2.6.1 The Promoters' holding in Gitanjali Gems as on March 31, 2011 was 54.73% of the share capital (Source: BSE website). In terms of Regulation 11(1) of the Takeover Regulations, 1997 and Regulation 3(2) of the Takeover Regulations, 2011, the Promoters together with persons acting in concert cannot acquire more than 5% of voting rights in any financial year (creeping acquisition) unless they make a public announcement to acquire shares. Considering the relationship between the Choksi Group and the Promoters of Gitanjali Gems, the Choksi Group were persons acting in concert with the Promoters.
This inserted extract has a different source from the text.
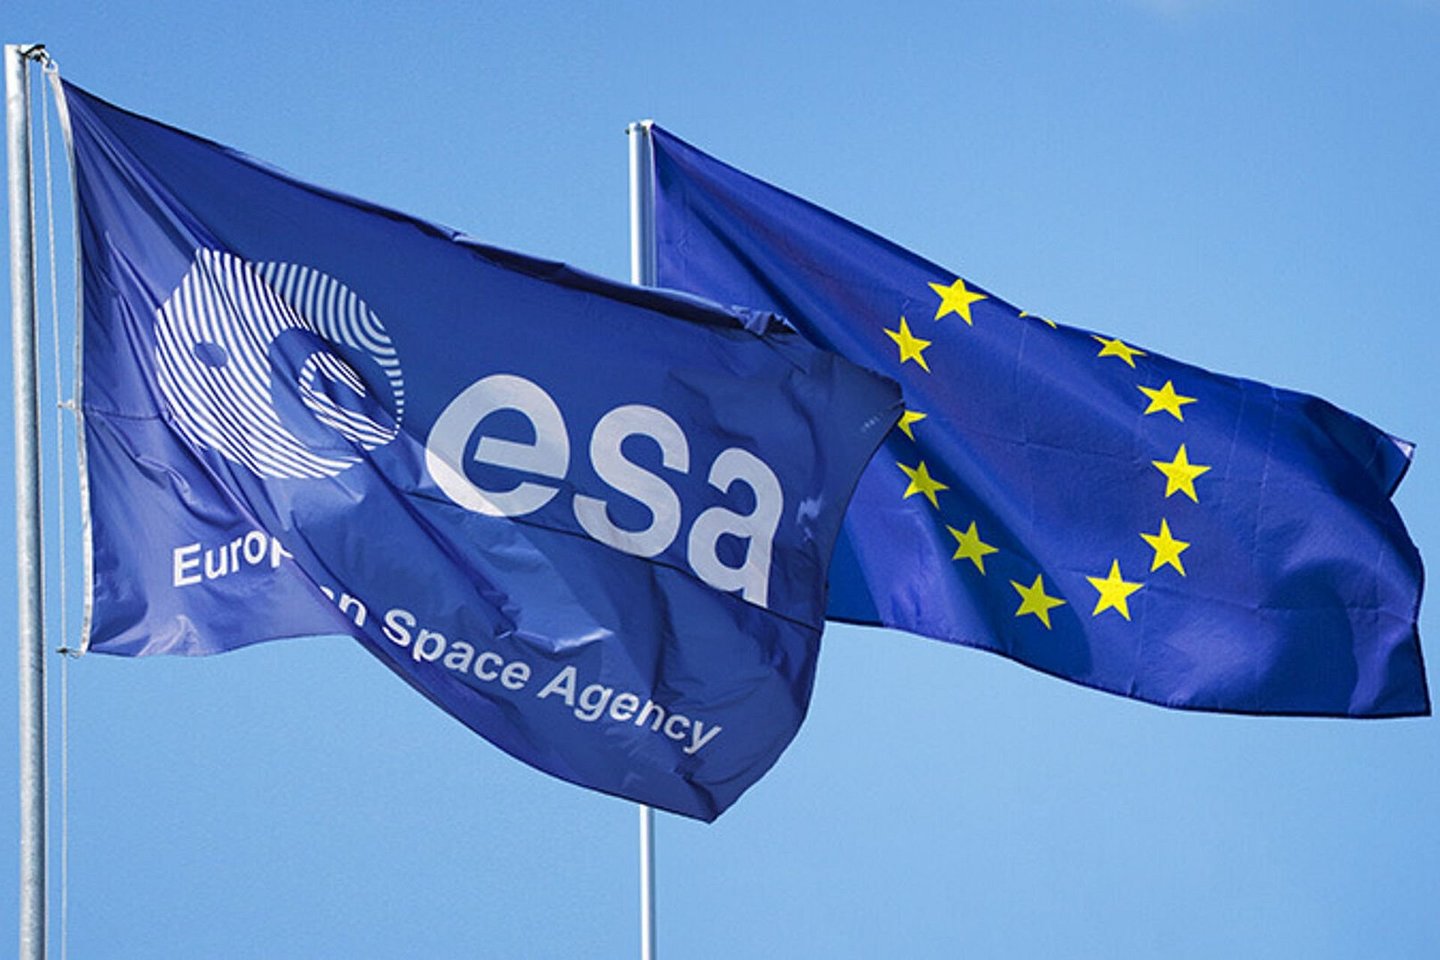  Europos kosmoso agentūros (EKA) taryba ketvirtadienį galutinai pritarė, kad Lietuva taptų asocijuota EKA nare, pranešė Ekonomikos ir inovacijų ministerija.<br> EKA nuotr.
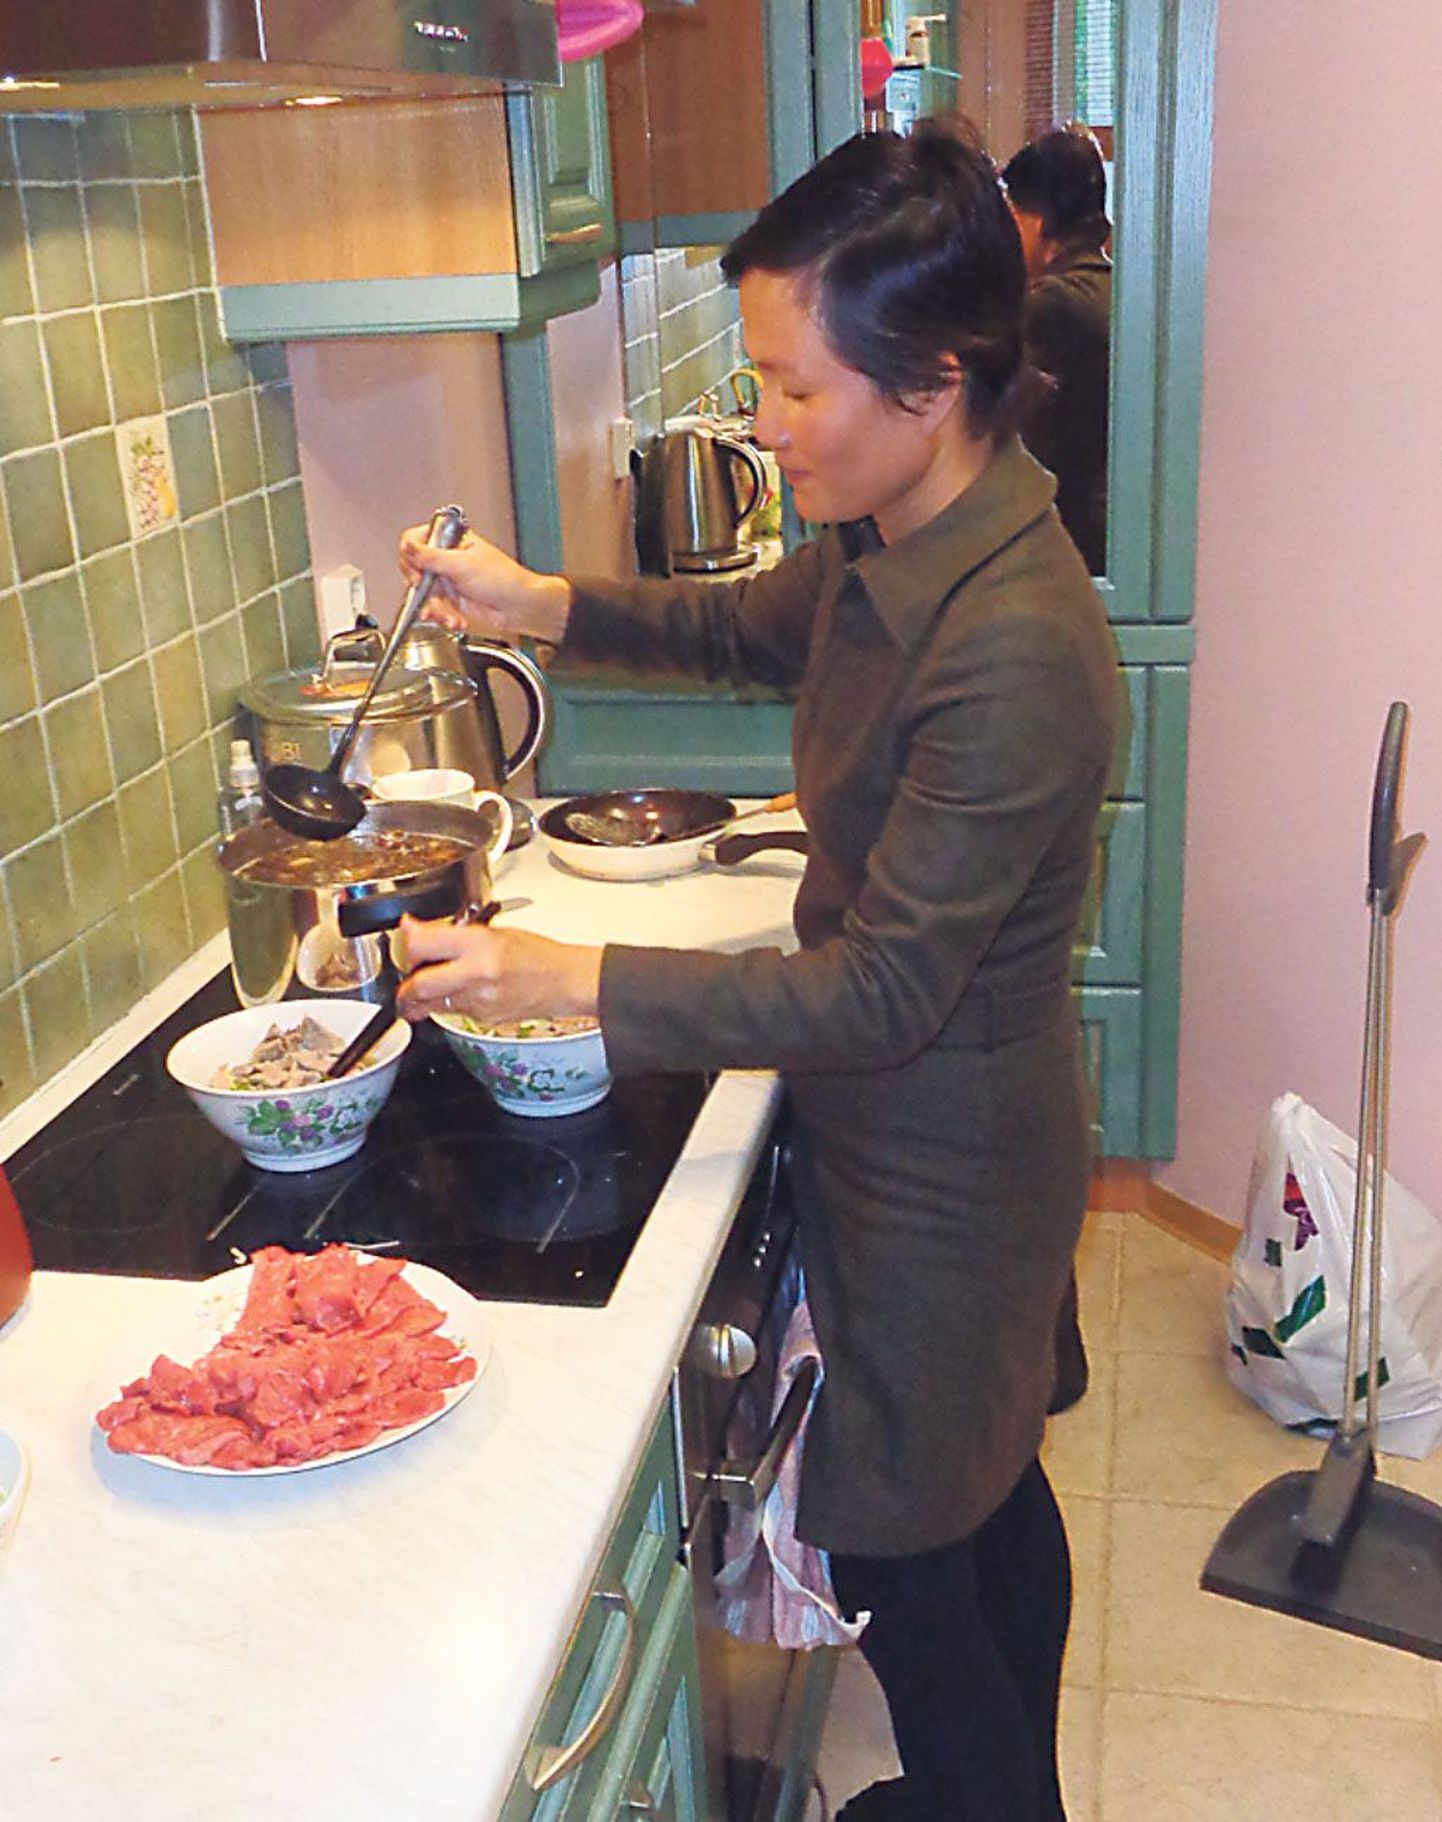 Vietnamlanna My armastas igal võimalusel köögis toimetada ja näidata, mida süüakse tema kodumaal.

The Choksi Group and the Promoters of Gitanjali Gems appeared to have a common objective for the purposes of substantial acquisition of shares and voting rights. During the financial year 2011-2012 (till March 21, 2012), the Choksi Group alongwith the Promoter of Gitanjali Gems, Shri Mehul Choksi, acquired 65.36% of the shares of Gitanjali Gems (gross acquisitions). It was observed that they had crossed 5% on May 19, 2011. The same was not followed by the concomitant requirement of making the public announcement to acquire shares, in terms of Regulation 11(1) of the Takeover Regulations, 1997 and Regulation 3(2) of the Takeover Regulations, 2011. Further, the subsequent acquisition of shares by the Promoters of Gitanjali Gems along with the Choksi Group was not followed by a public announcement in terms of Regulations 11(2) of the Takeover Regulations, 1997 and Regulation 3(2) of the Takeover Regulations, 2011.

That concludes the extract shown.